The Law Center and a group of non-profit organizations concerned with low-income housing and tenants filed an amicus (friend of the court) brief in support of an appeal to petition for a rehearing and seeks a reversal of a District Court judgment involving housing for tenants with enhanced vouchers. At stake are the rights of low-income people nationwide who hold enhanced vouchers to remain in their homes absent good cause to terminate them.
The District Court’s majority opinion, according to the brief, erroneously conflated three distinct federal housing programs: HUD subsidized mortgage insurance and Section 8 project-based programs; the regular tenant-based voucher program; and the enhanced voucher program. HUD subsidized mortgage insurance and Section 8 programs, enacted in 1974 to support construction of affordable housing, were intended to provide stability for both low-income tenants and neighborhoods by requiring longer-term commitments and good cause eviction protection. The regular Voucher program helps tenants rent units on the private market (generally for properties built without a public subsidy) by providing financial assistance. Enhanced Vouchers were made available to tenants who live in homes funded by project-based assistance, but whose owner terminated his or her participation in the program.

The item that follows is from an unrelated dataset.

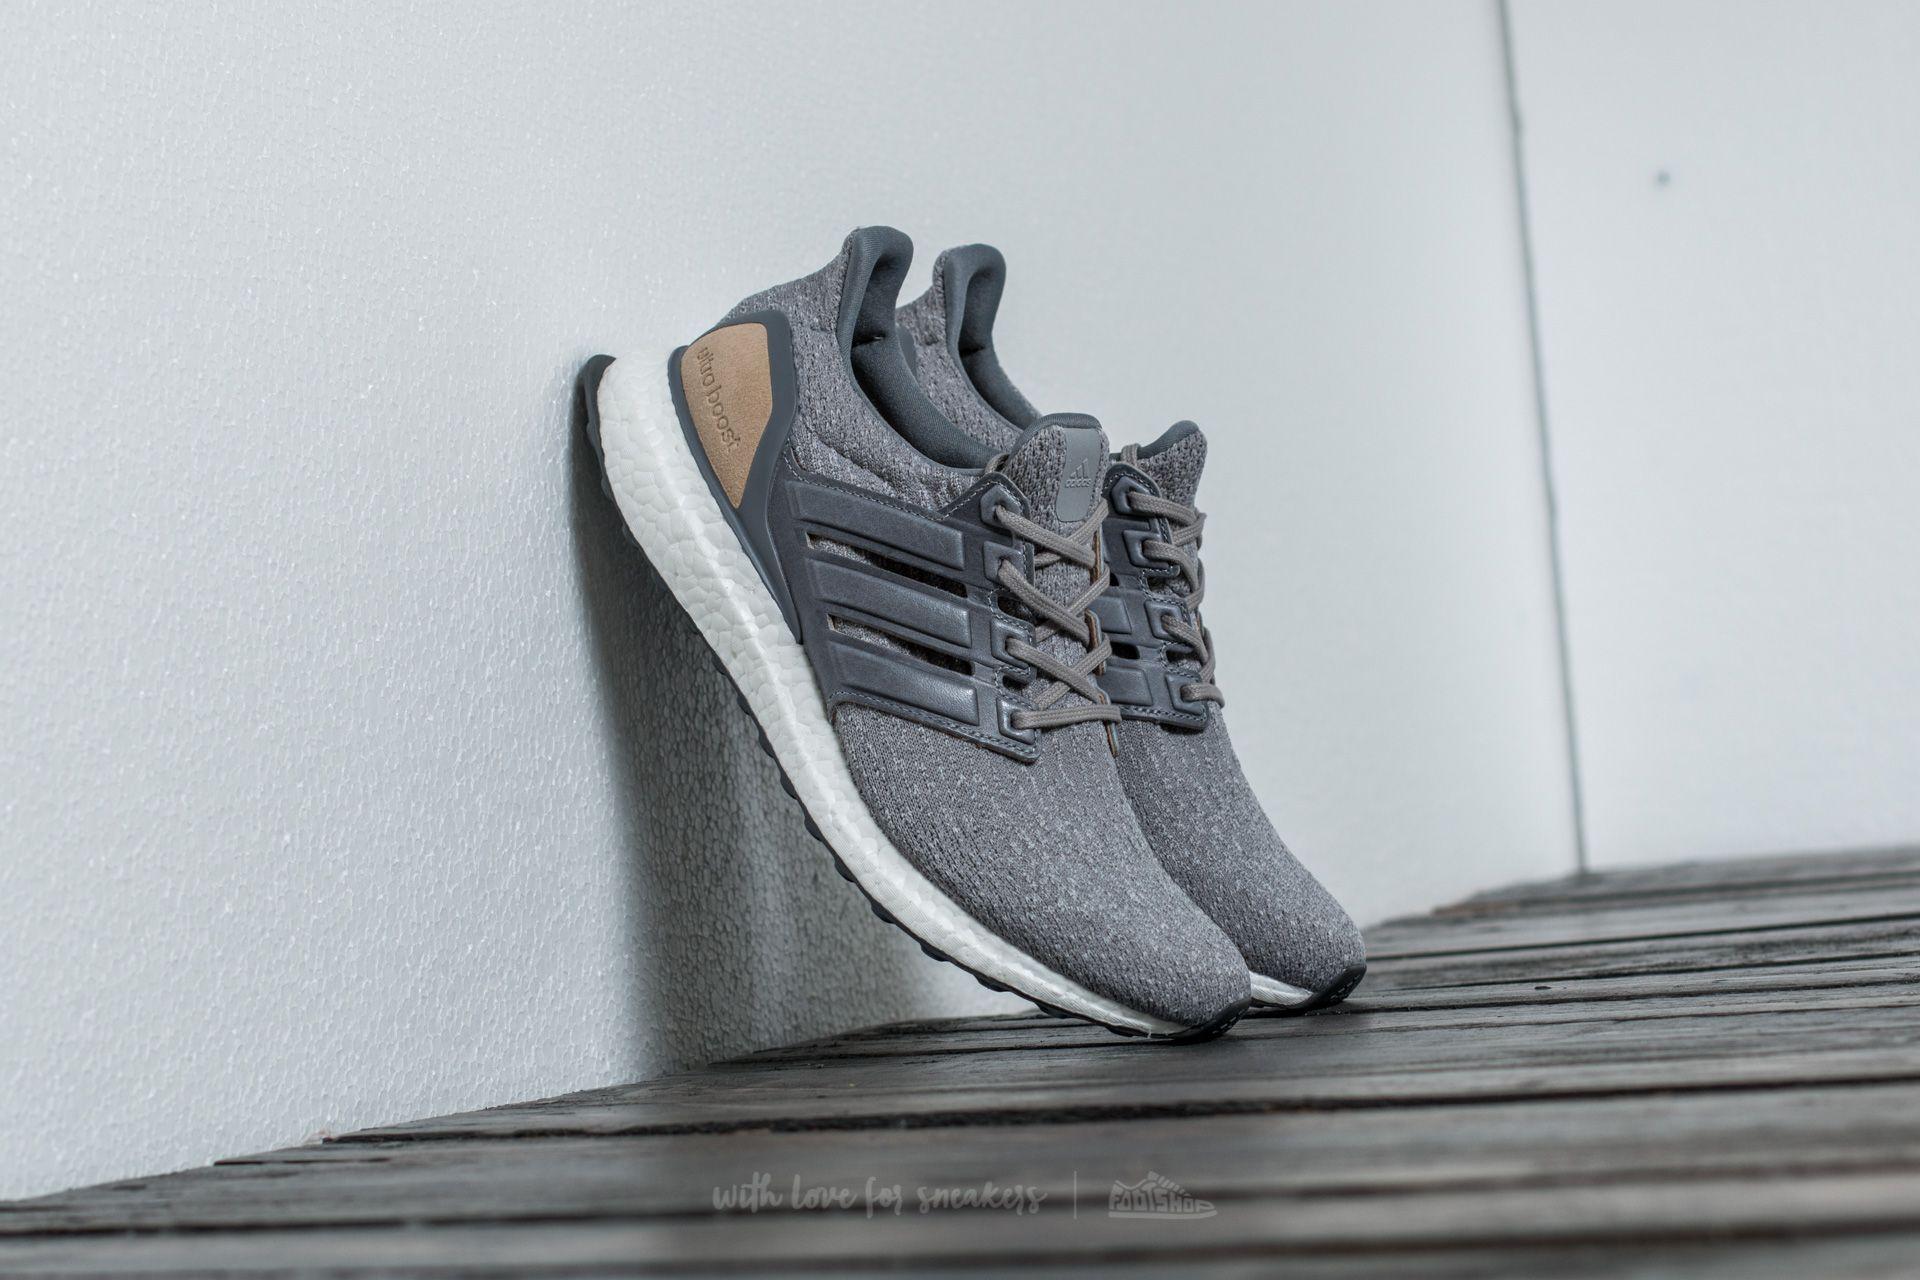 adidas Ultra Boost LTD Mid Grey/ Linen Khaki - 15457

Between 1997 and 1999, Congress passed legislation to ensure that low-income tenants who use vouchers “were protected from eviction absent good cause.” The brief argues that the majority opinion applied a Congressional amendment based on the regular voucher program to an enhanced voucher case, and therefore failed to “support the position that an owner must honor the tenants’ right to remain and continue to renew the lease of an Enhanced Voucher tenant, absent good cause to terminate the tenancy.”
The impact of the Third Circuit District Court’s decision, according to the brief, is that “families will become poorer, and neighborhoods will grow more segregated.” Seeking housing in a private market via vouchers is fraught with tenants facing discrimination based on “race, familial status, disability, and/or other protected class status.” When vouchers aren’t accepted and a tenant is unable to use them, they may have to forgo a subsidy of up to 40 of their income. In addition, having to move may mean finding a different home in a different neighborhood altogether.